“Those who make peaceful change impossible, make violent change inevitable.”
To a very large extent, elections and electoral practices shape the fate of the modern nation state. The reason for this is not difficult to establish. Elections provide the medium, by which the different interest groups within the modern nation state can stake and resolve their claims to power through peaceful means. Elections therefore determine the manner and methods by which changes in the social order may be brought about. Where this method fails, individuals and groups may be left to their own means – including assassinations, coup detats, revolutions, insurgency and bush wars – to press their claim to power. It is this fact more than any thing else that makes the subject of elections and electoral practices in Nigeria so crucial today.

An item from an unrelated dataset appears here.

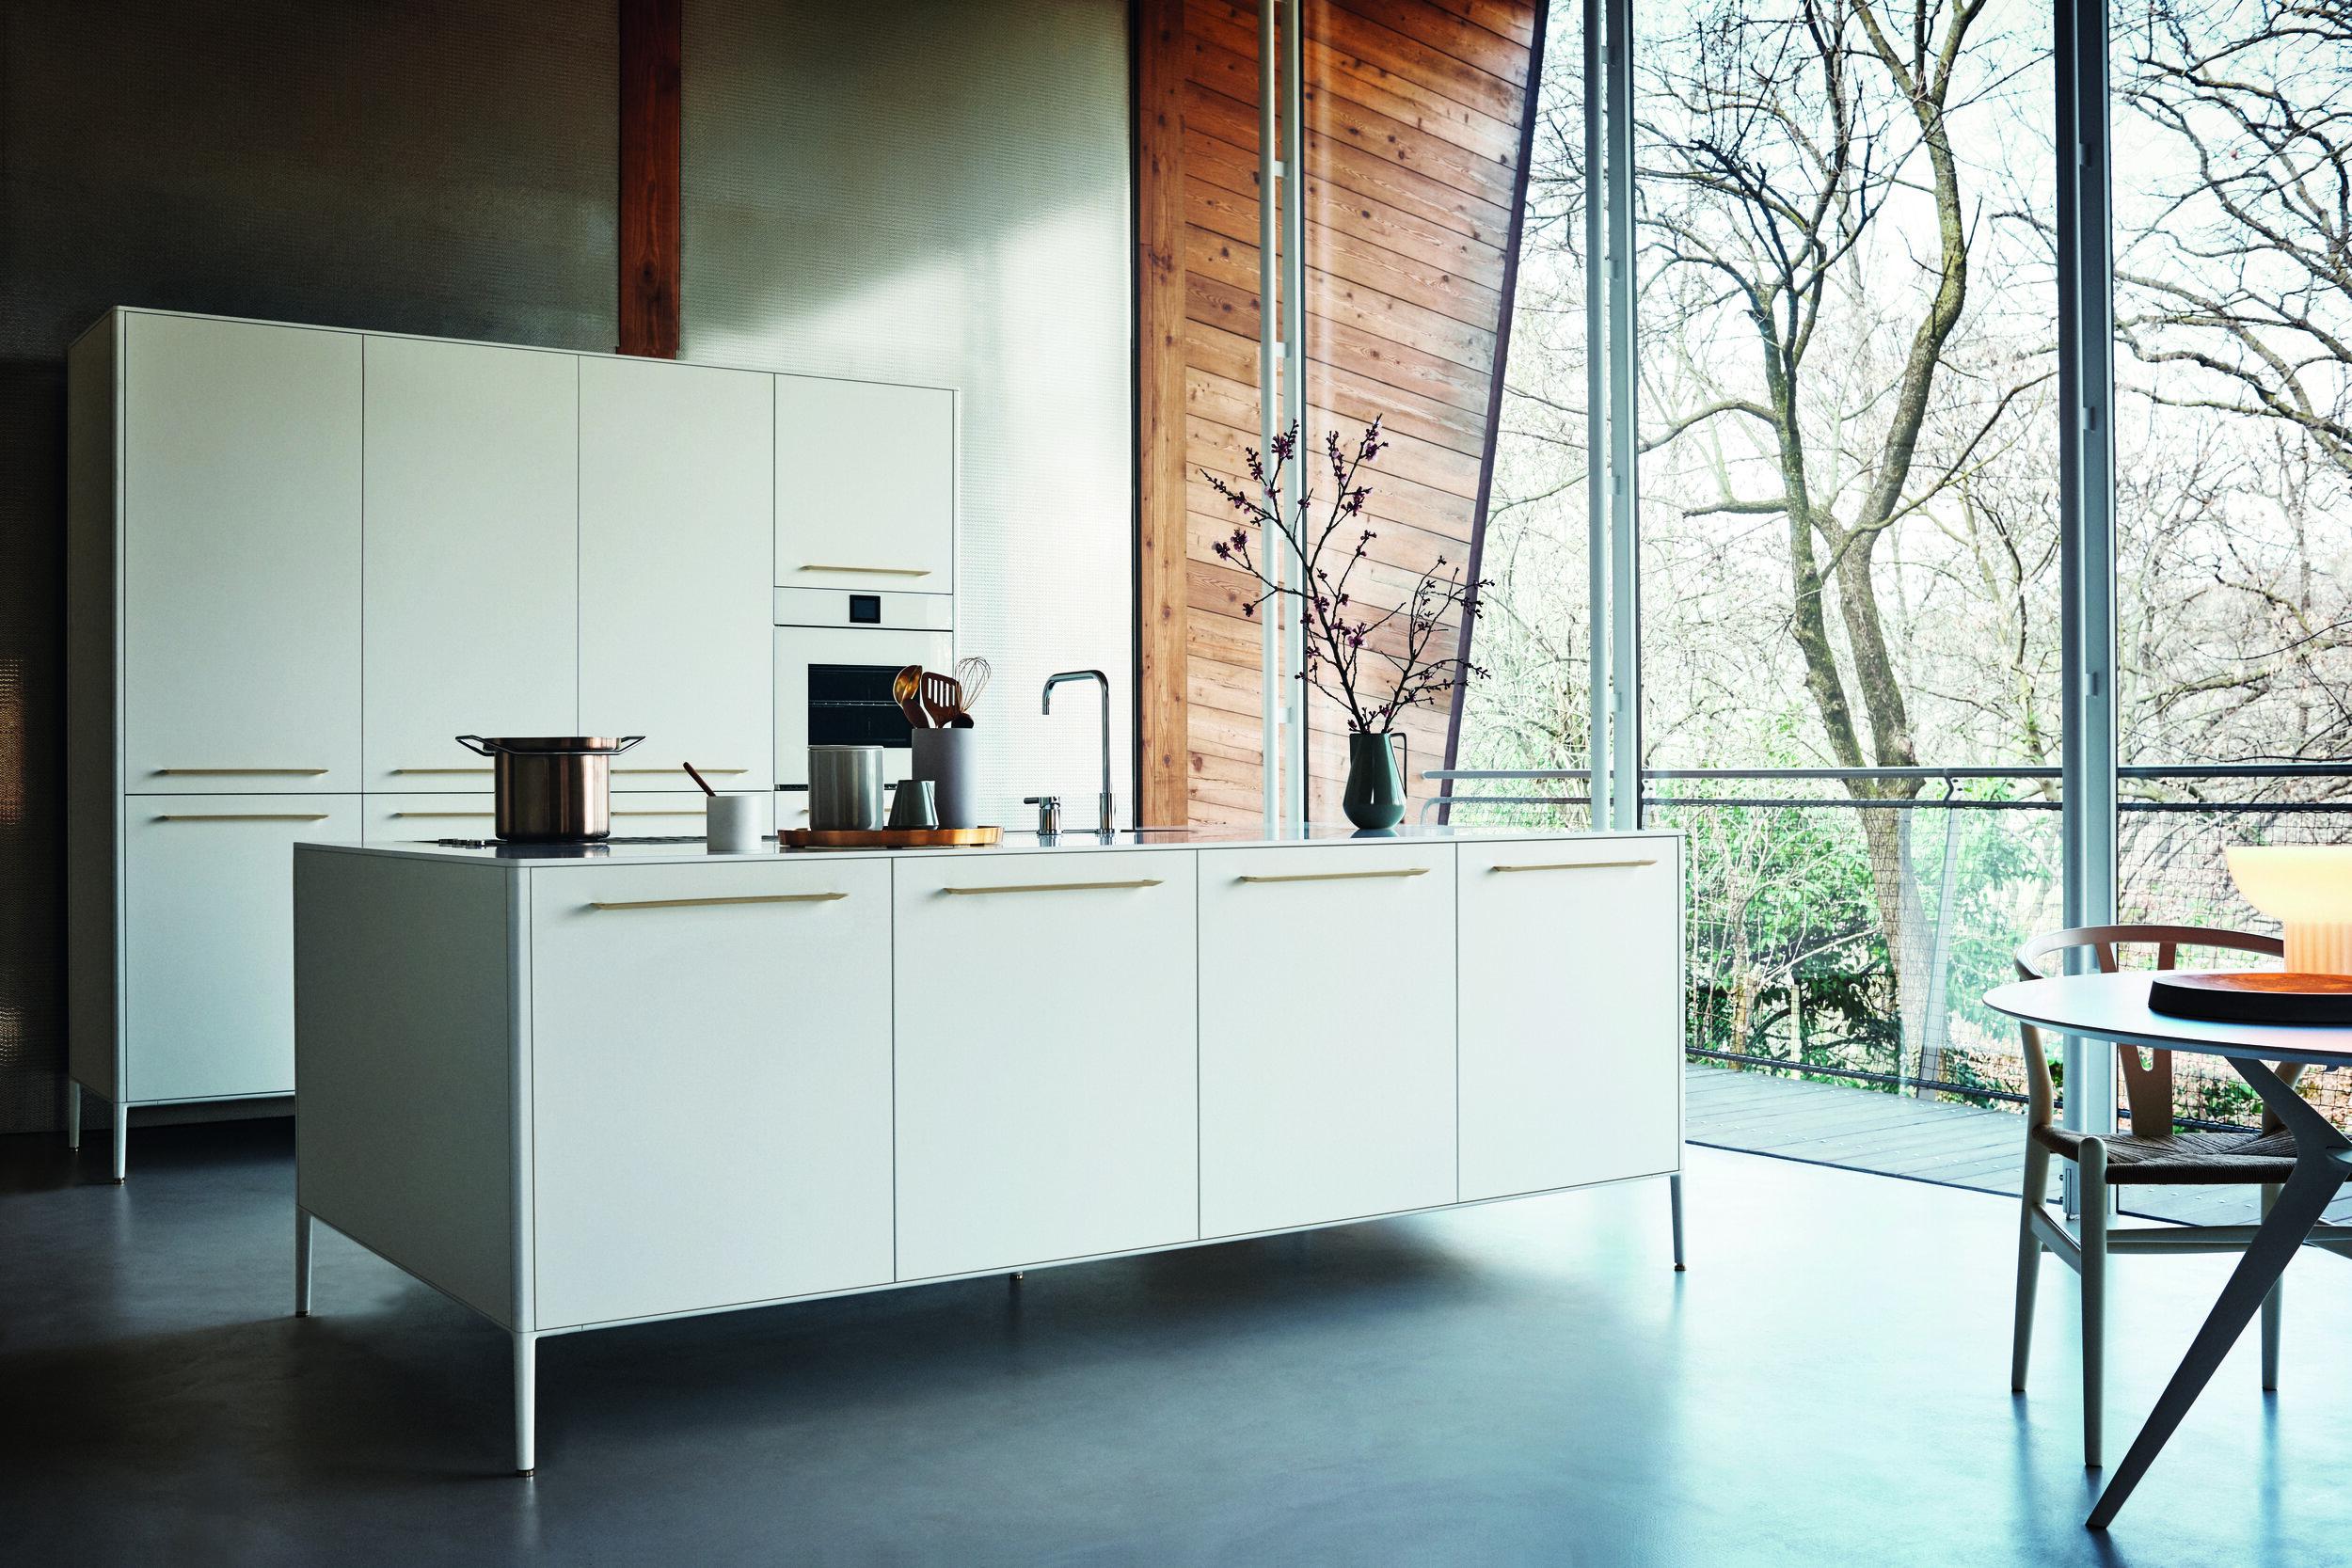 Kitchen Bath Home Design And Remodel
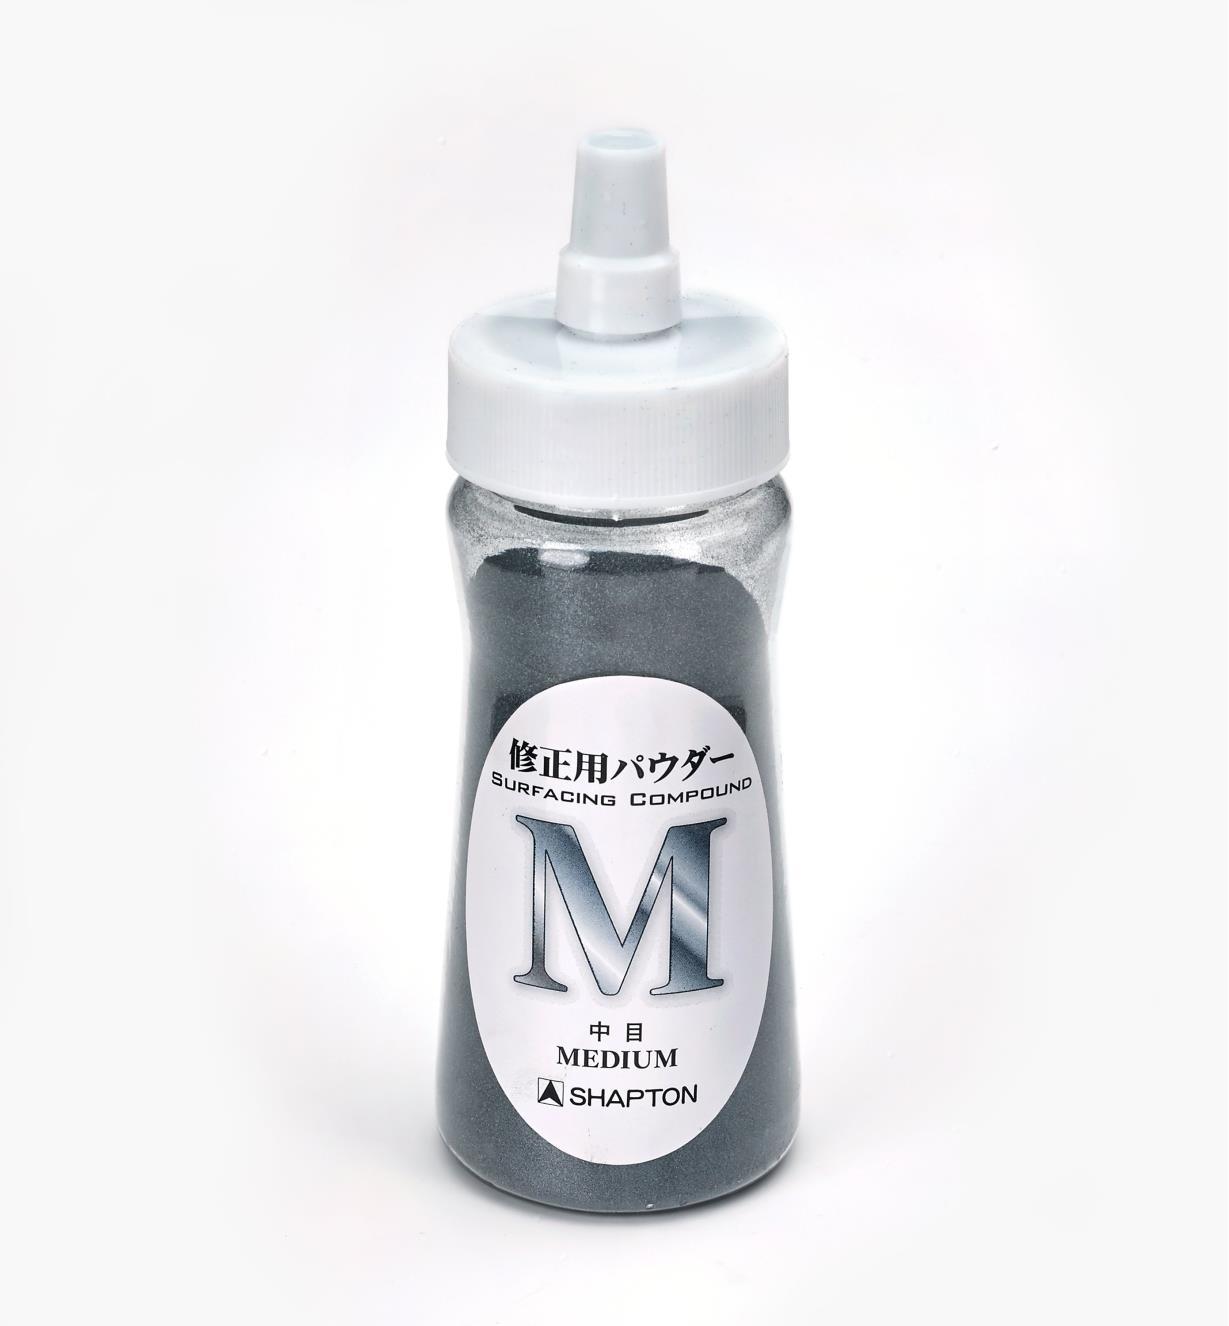 61M0402 - Shapton Medium Lapping Powder, 120ml (4oz)

As we are aware, the controversial elections of 1965 produced the coup detat of January 1966. Again the flawed elections of 1983 produced the military coup of December 31, 1983. Finally, Babangida’s flawed elections of 1993 produced the Abacha palace coup of that year and paved the way to his memorable dictatorship. As we look now towards 2007 against the background of the failed elections of 2003 and 2004 the question naturally arises as to whether our country can arrive there in one piece or survive it in whatever form thereafter. In order to answer this question or suggest ways in which it can be answered so that we can arrive there, as one country with a renewed faith in the democratic process, there is a need to examine the nature of elections and its place in furthering democracy and development in a bourgeois social order such as ours.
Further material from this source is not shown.